The standard multi-armed bandit problem assumes that the probabilities with which the arms pay off are fixed over time. But that’s not necessarily true of airlines, restaurants, or other contexts in which people have to make repeated choices. If the probabilities of a payoff on the different arms change over time – what has been termed a “restless bandit” – the problem becomes much harder. (So much harder, in fact, that there’s no tractable algorithm for completely solving it, and it’s believed there never will be.) Part of this difficulty is that it is no longer simply a matter of exploring for a while and then exploiting: when the world can change, continuing to explore can be the right choice. It might be worth going back to that disappointing restaurant you haven’t visited for a few years, just in case it’s under new management.

Hmm... I'm not sure whether or not to model contemplative practices as "restless bandits." From one perspective they're obviously timeless & unchanging (the capital-D Dharma, the Absolute).
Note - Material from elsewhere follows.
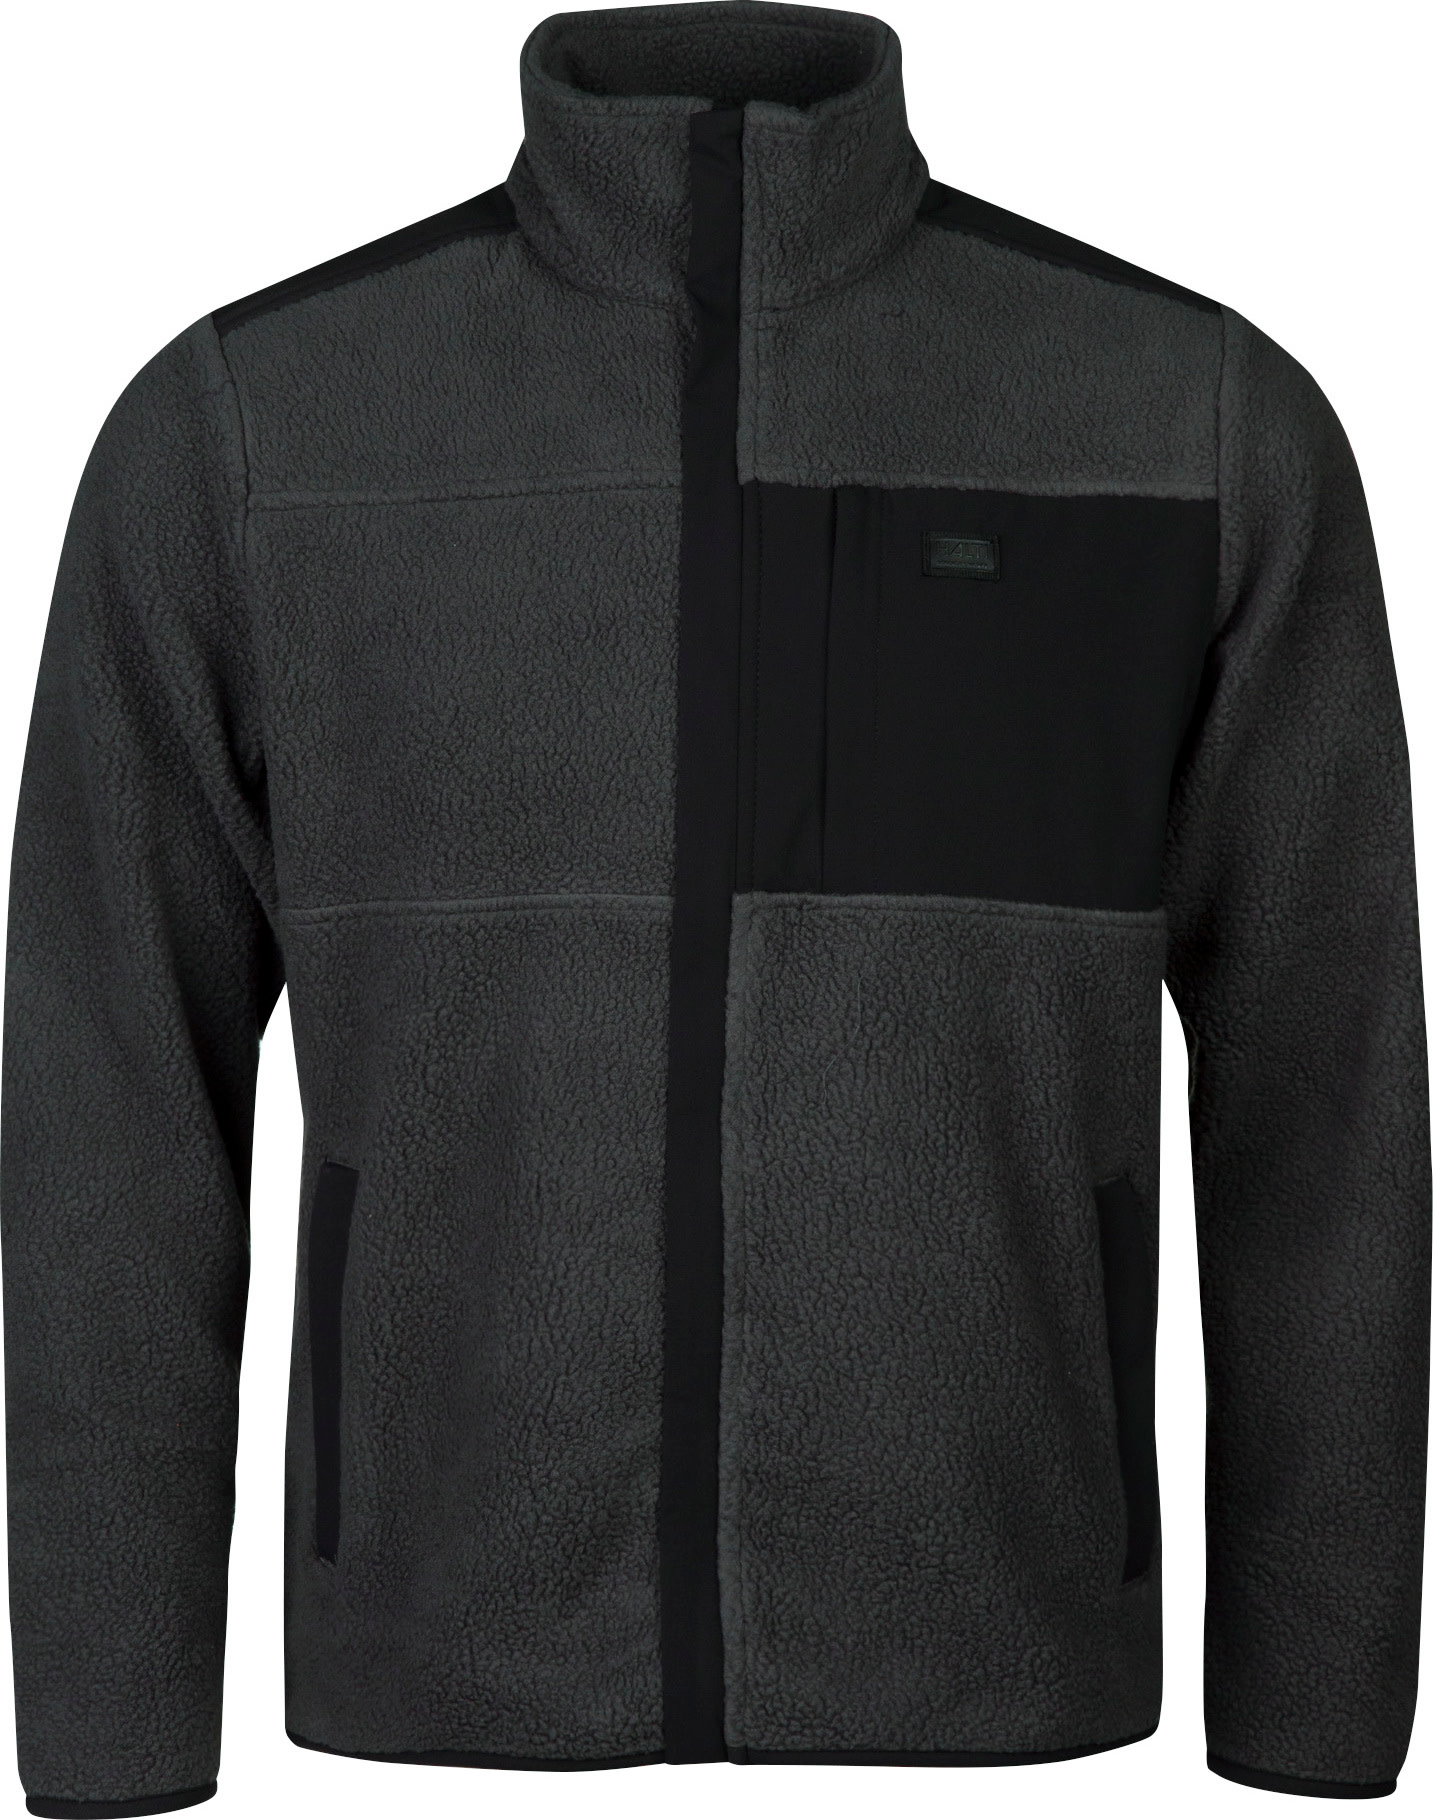 Halti Men's Klaidu Fleece Jacket Black Sand Grey L, Black Sand Grey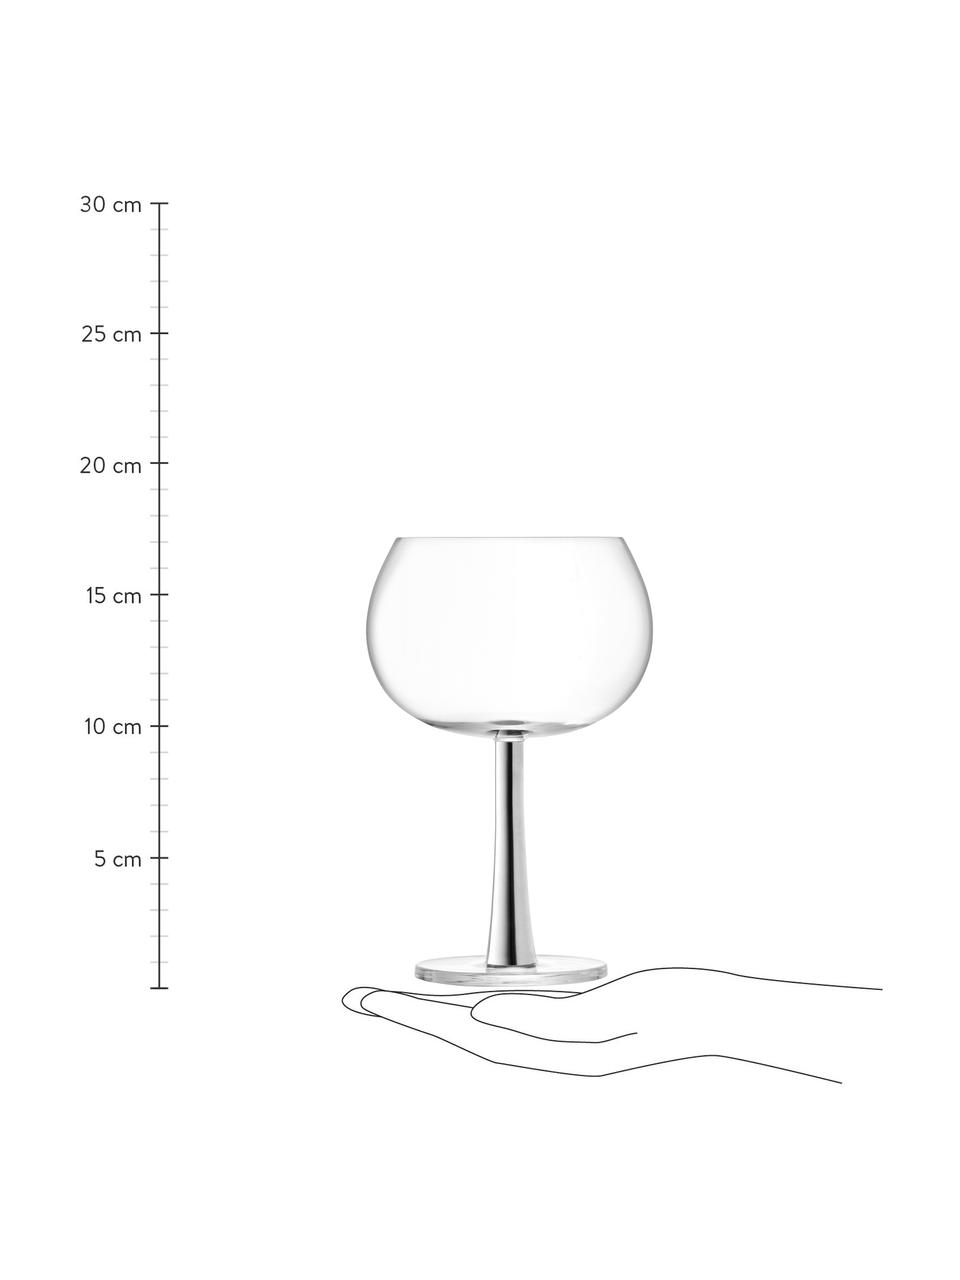 Bicchiere con manico argentato Gina 2 pz, Vetro, Trasparente, argentato, Ø 11 x Alt. 17 cm, 420 ml

But I'm an agent embedded in these systems who is expressing these things, and I'm definitely changing, so maybe the practices do "come under new management" over time after all, at least from my perspective.

If they are restless bandits, I think that implies more exploring, more hopping around, more dropping things when they don't appear to yield fruit.

And if they aren't (i.e. if they're bandits with a fixed payout), I think that implies more commitment, more doubling-down (from my present margin).

So where does this leave me?

It's interesting to think about things in this frame, but it feels pretty academic to write about. Which is sorta a shame, because this really seems to touch on a profound question – in some sense "what to do next?" encapsulates the entire thing.

I guess in the end this comes down to taste & intuition.

Some of this stuff feels pretty tasty + wholesome at the moment (e.g. TRE, e.g. reading Kaj's posts about IFS & UtEB), so I'll keep pursuing those. Other of this stuff feels intriguing but also sorta ugh (e.g. nondual shaiva, e.g. sometimes zazen, e.g. actually doing IFS) – probably good practice to keep exploring those too. And some of this stuff doesn't really click at all (e.g. how pjeby talks about doing reconsolidation near the end of this comment), so I won't bother with those until they click.